The script is remarkably awful, borderline schizophrenic with its treatment not only of McLane, who has become almost a parody of himself with his shit-eating grin response to his casual butchering of faceless Russian henchmen, all jokes and asides indicating a lack of care. Jack McClane might as well be a blank canvas of estrangement, an embittered kid who walked out on his family years ago for some unknown reason, perhaps because he saw his old man becoming a complete douchebag. In the previous films, McClane has a reason to be in the fight: with his son, I’d argue that reason has never been more tenuous. It also makes for a poor creative choice to try and produce more Russian bad guys in a single film than in all other cinema releases that decade. The trope of thick-accented Russkies and their criminal machinations should be as far from John McClane as is reasonable to expect and yet the filmmakers ask us to believe McClane, ever the pragmatist, would willingly walk into Chernobyl and start shooting the place up. I mean, this film is so dumb they’ve set the climax right in the shadows of the nuclear power station’s chimneys; oh, that’s not the stupidest thing, though. No, the stupidest thing about how terrible this movie is? At one point the bad guys enter the vault they’ve spent half the film trying to get to, and indicate the radiation levels are hitherto unparalleled inside. It’s displayed by a computer readout predictably showing “all this red is bad” graphics to say as much. One of the characters then says they have a special spray (handy to have that in bulk, I guess) that negates the effects of radiation inside about five minutes; the spray is deployed, and then the risk of radiation sickness is never mentioned again. I mean, it’s ludicrous! There’s no way John McClane’s balls aren’t glowing green at the end of it.
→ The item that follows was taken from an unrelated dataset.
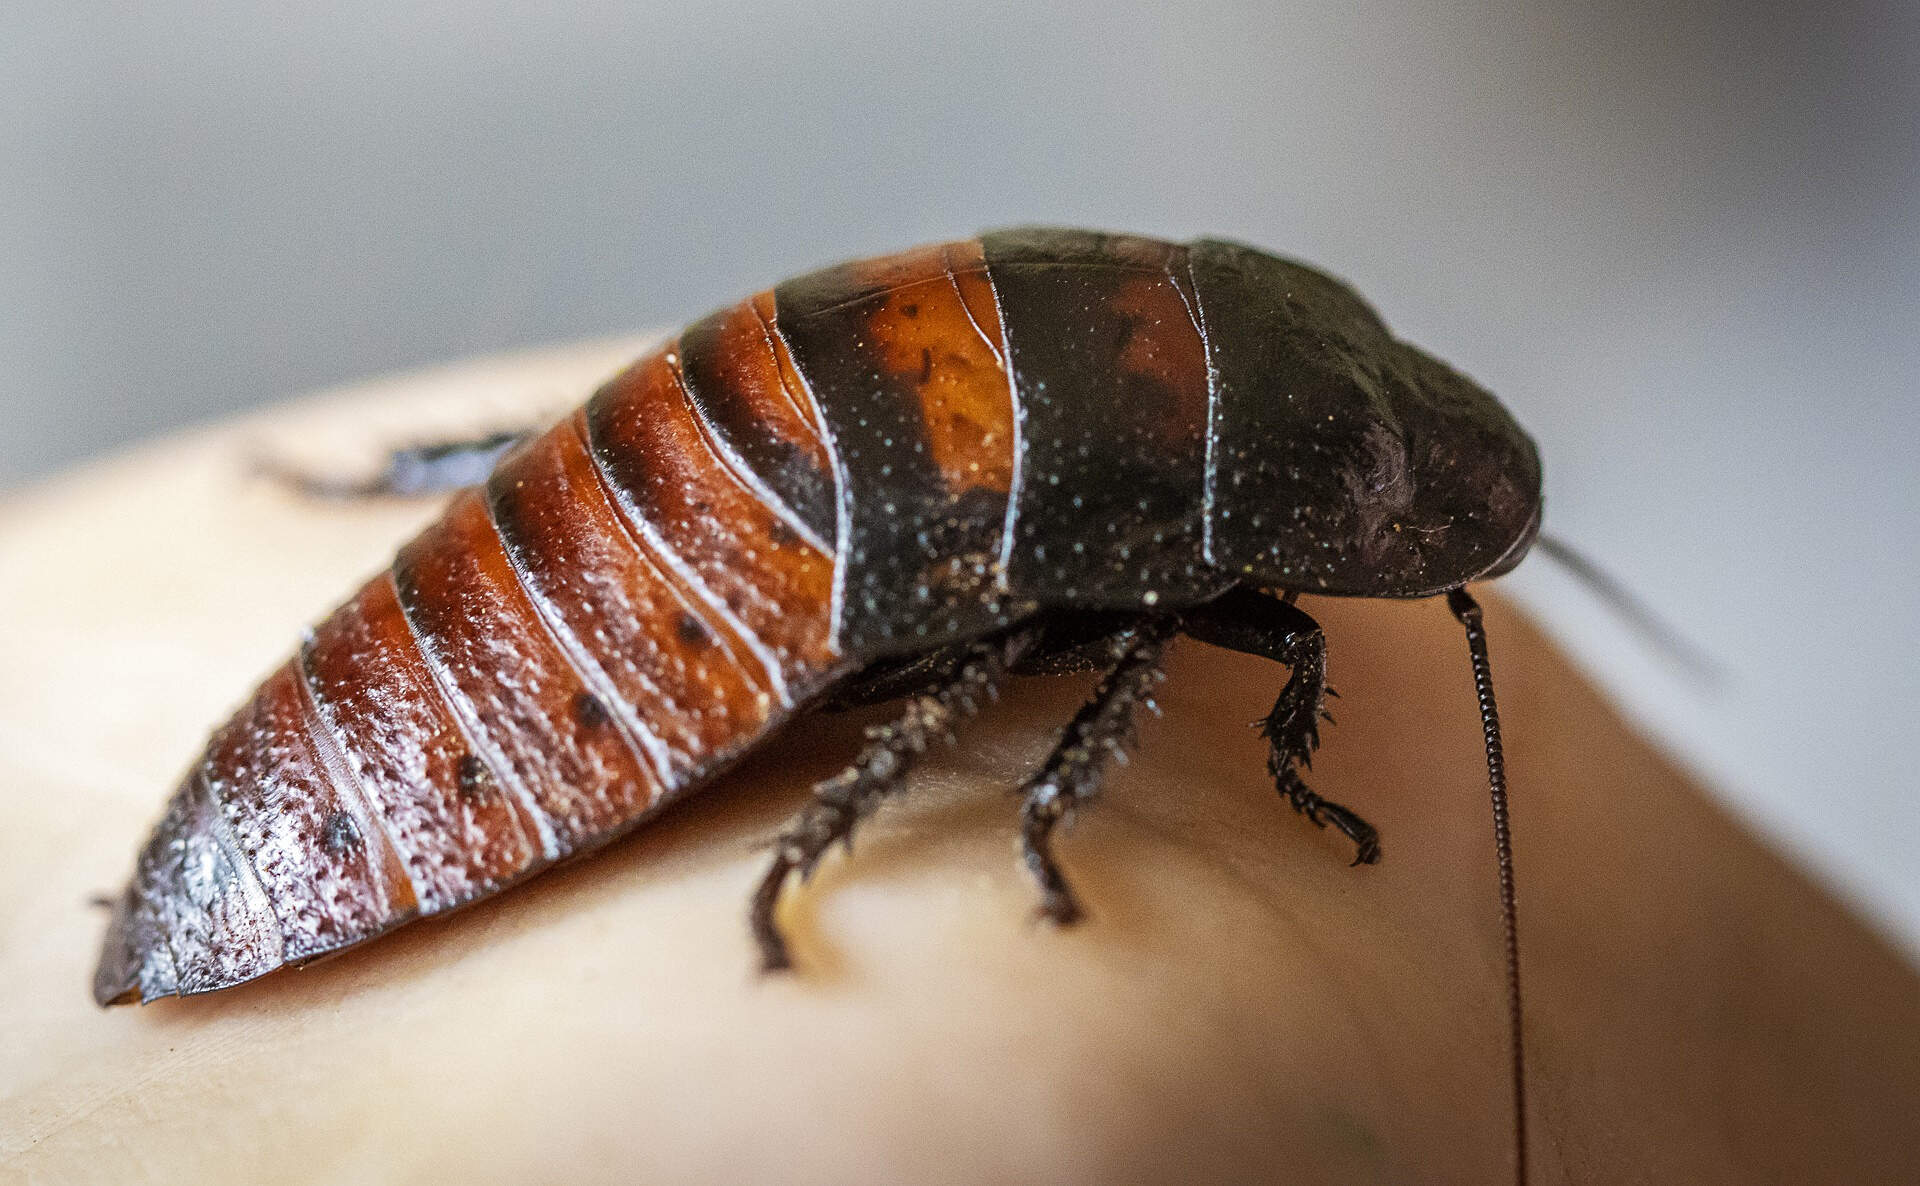 madagascar-hissing-cockroach

The script may have been better, however. We’ll never know, because the film is edited so brutally, so haphazardly, you never really get a sense of what’s going on. Jump-cuts, shaky zooms and double-take editing techniques are employed to give the sense that everything is so energetic the filmmakers couldn’t hold the fucking camera steady. A protracted van, armoured anti-tank vehicle, and truck chase through Moscow’s teeming streets is vacuous fun if you refuse to allow your brain to switch on – at one point, McClane drives a 4WD off a bridge, onto the traffic below like a terrible game of Frogger in pursuit of his son and some Russian henchmen, and at this point the film loses what little credibility it had left – with the sonic deluge of noise from the sound mix wailing away and threatening to deafen even the most audiophilic viewer. I admit, production value in A Good Die To Die Hard is generally pretty good, but after watching Bruce and Jai emerge to safety via a Moscow rooftop access door for the fifth time in a row I’m beginning to think somebody, somewhere, ran out of good ideas, and locations to shoot them in.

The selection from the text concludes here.